Toward member understanding, not just enrollment growth.

Toward cleaner star rating logic, where quality differences actually mean something.

Toward tighter risk adjustment oversight, where the market can still serve sicker populations without turning documentation into a parallel business model.

Toward a more honest comparison between Medicare Advantage and traditional Medicare, where policymakers stop pretending one side of the program can carry all the innovation while the other stands still.

My own take is straightforward.

Medicare Advantage is working for many seniors in the way that matters most to them right now. It makes coverage feel more affordable. It gives more visible protection against out-of-pocket shock. It offers benefits traditional Medicare still leaves exposed. That should be taken seriously.

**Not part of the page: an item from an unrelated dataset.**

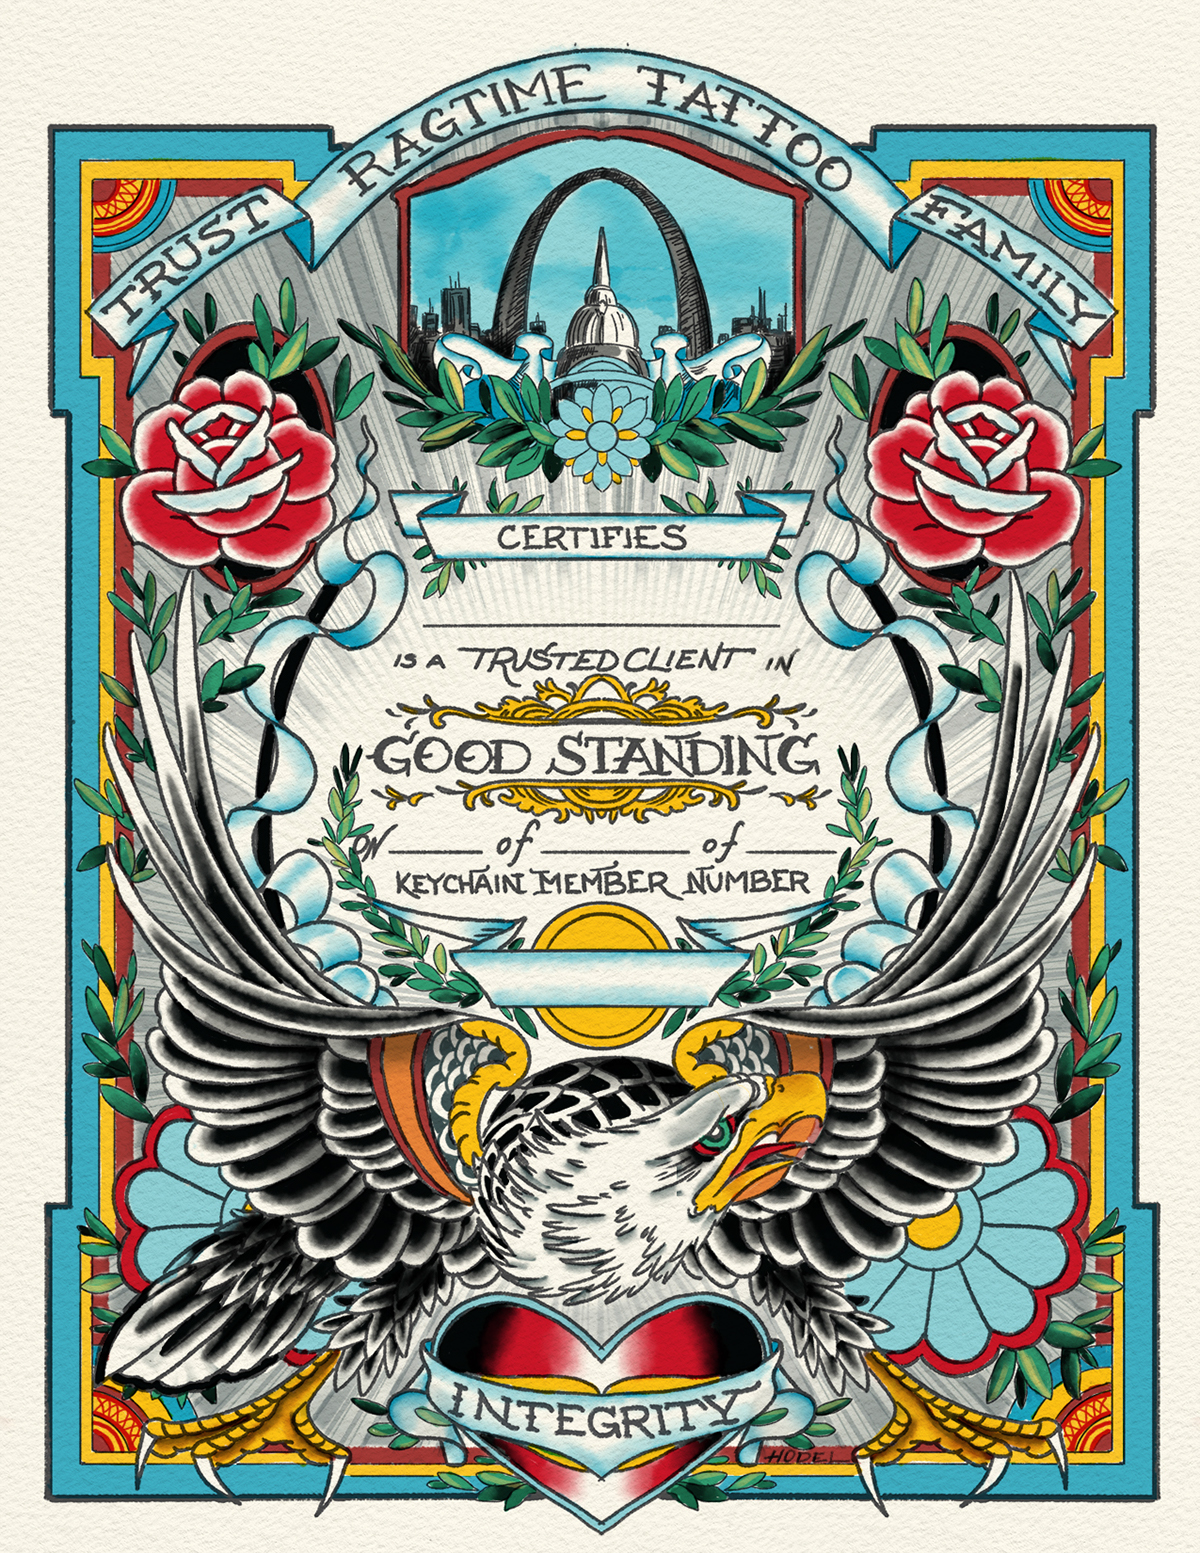 ragtime-tattoo-certificate-on-behance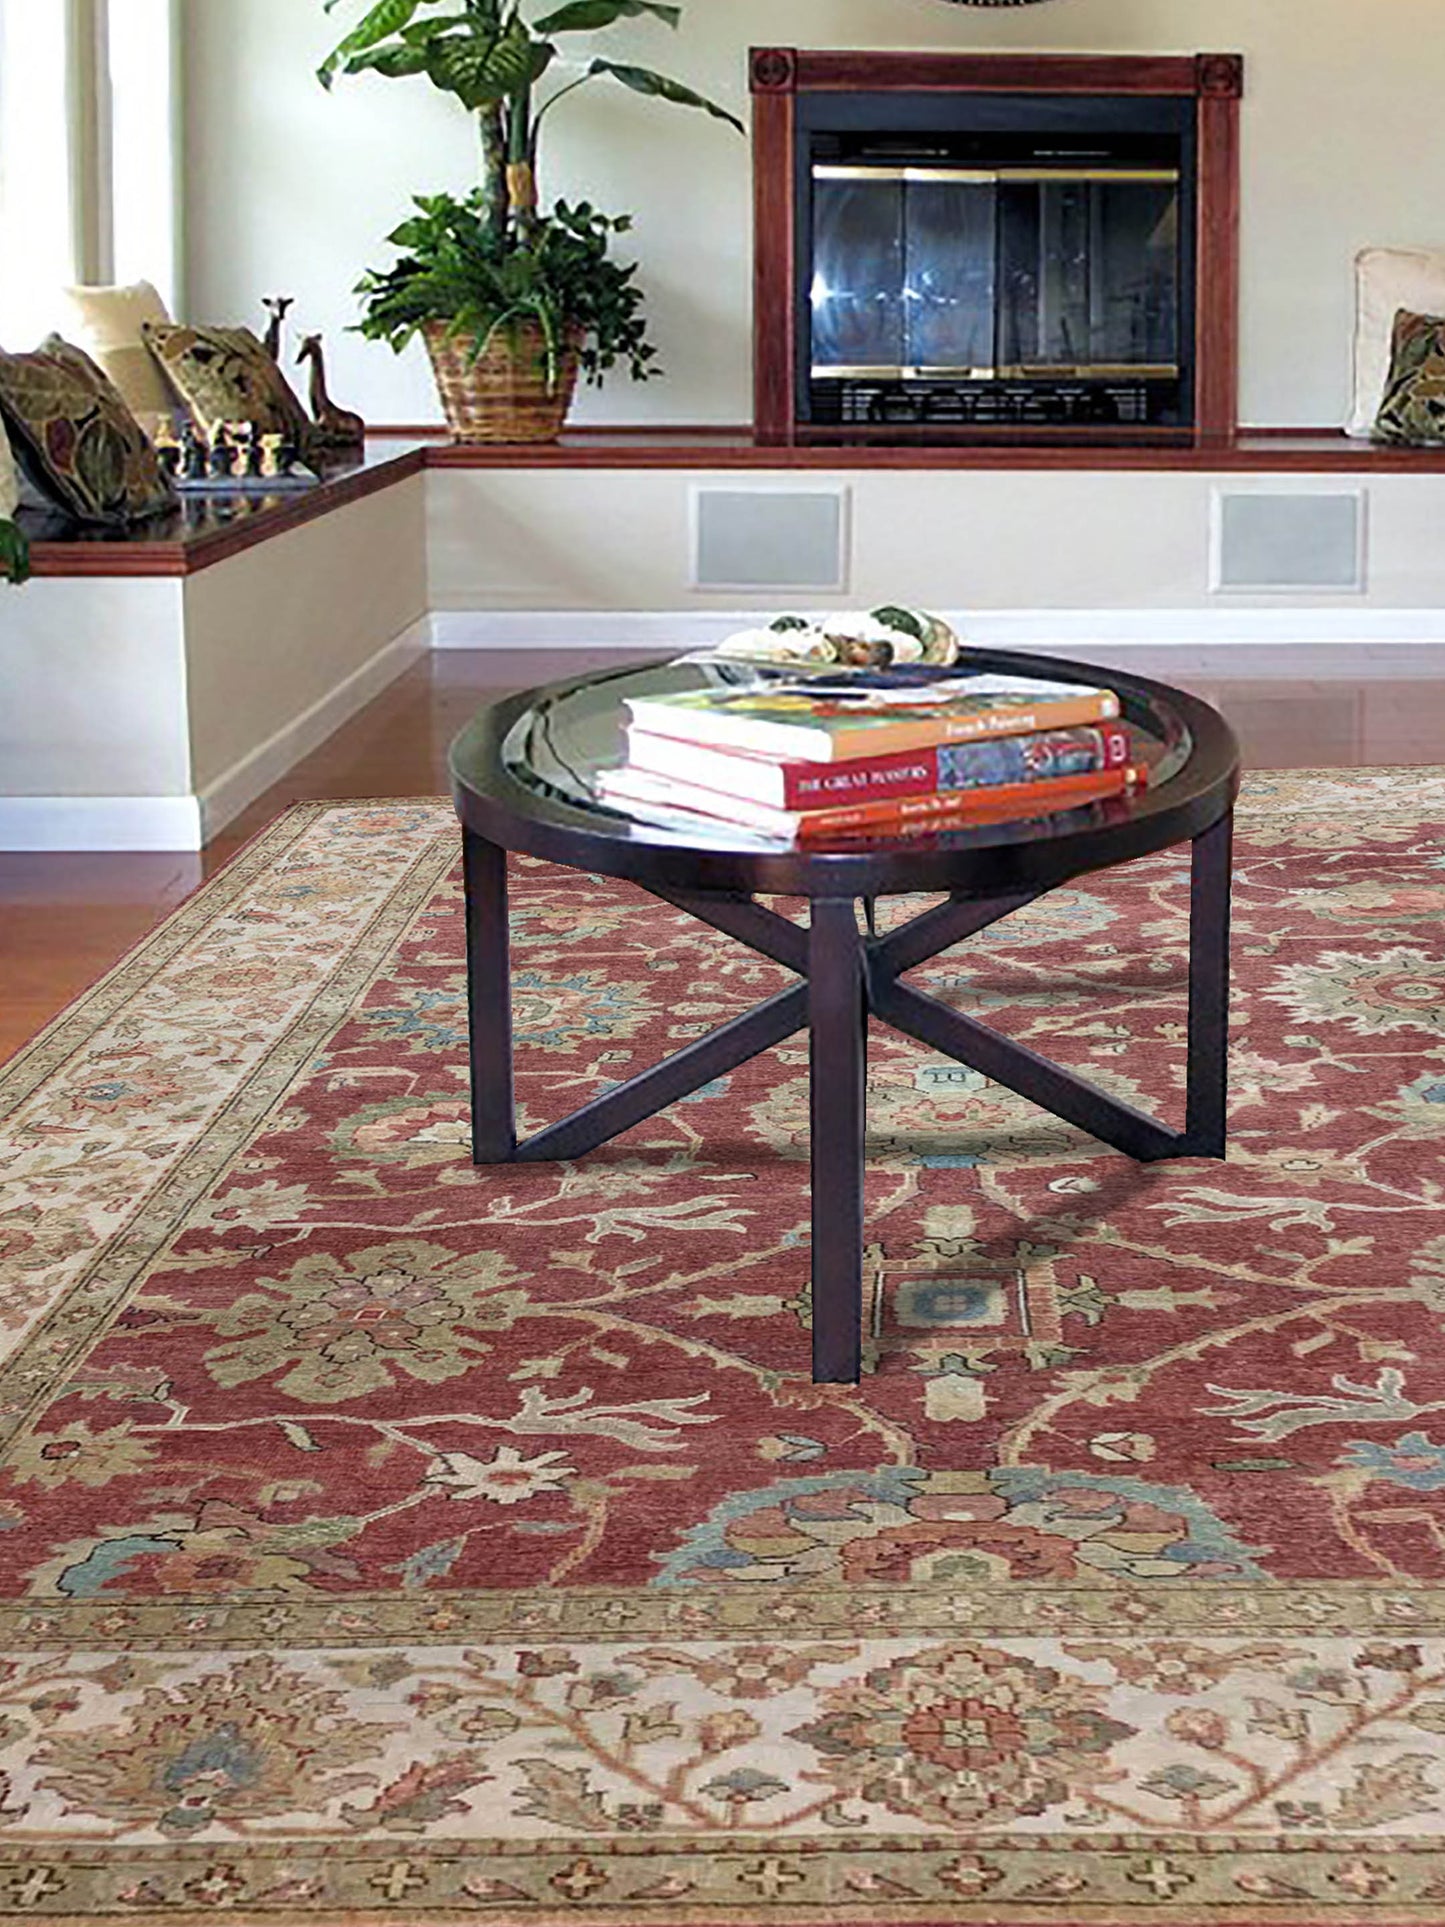 Artisan Cameron  Rust Ivory Traditional Knotted Rug

At the same time, the system around it still looks too comfortable with payment distortion, coding-driven advantage, and benefit designs that can sound better than they perform. That should be taken seriously too.

So the real question is not whether Medicare Advantage “works” in some broad ideological sense.

The real question is whether the program can keep delivering member value while getting more disciplined about how that value is financed, measured, explained, and enforced.

That is a better test.

It asks whether the benefit is usable, not just marketable.

Whether the payment is fair, not just tolerated.

Whether growth reflects fit, not just distribution power.

Whether quality signals are real, not just lucrative.

And whether seniors are choosing with enough clarity to know what they are actually buying.

That is where this debate gets more honest. And that is where it starts to matter more than the slogans on either side.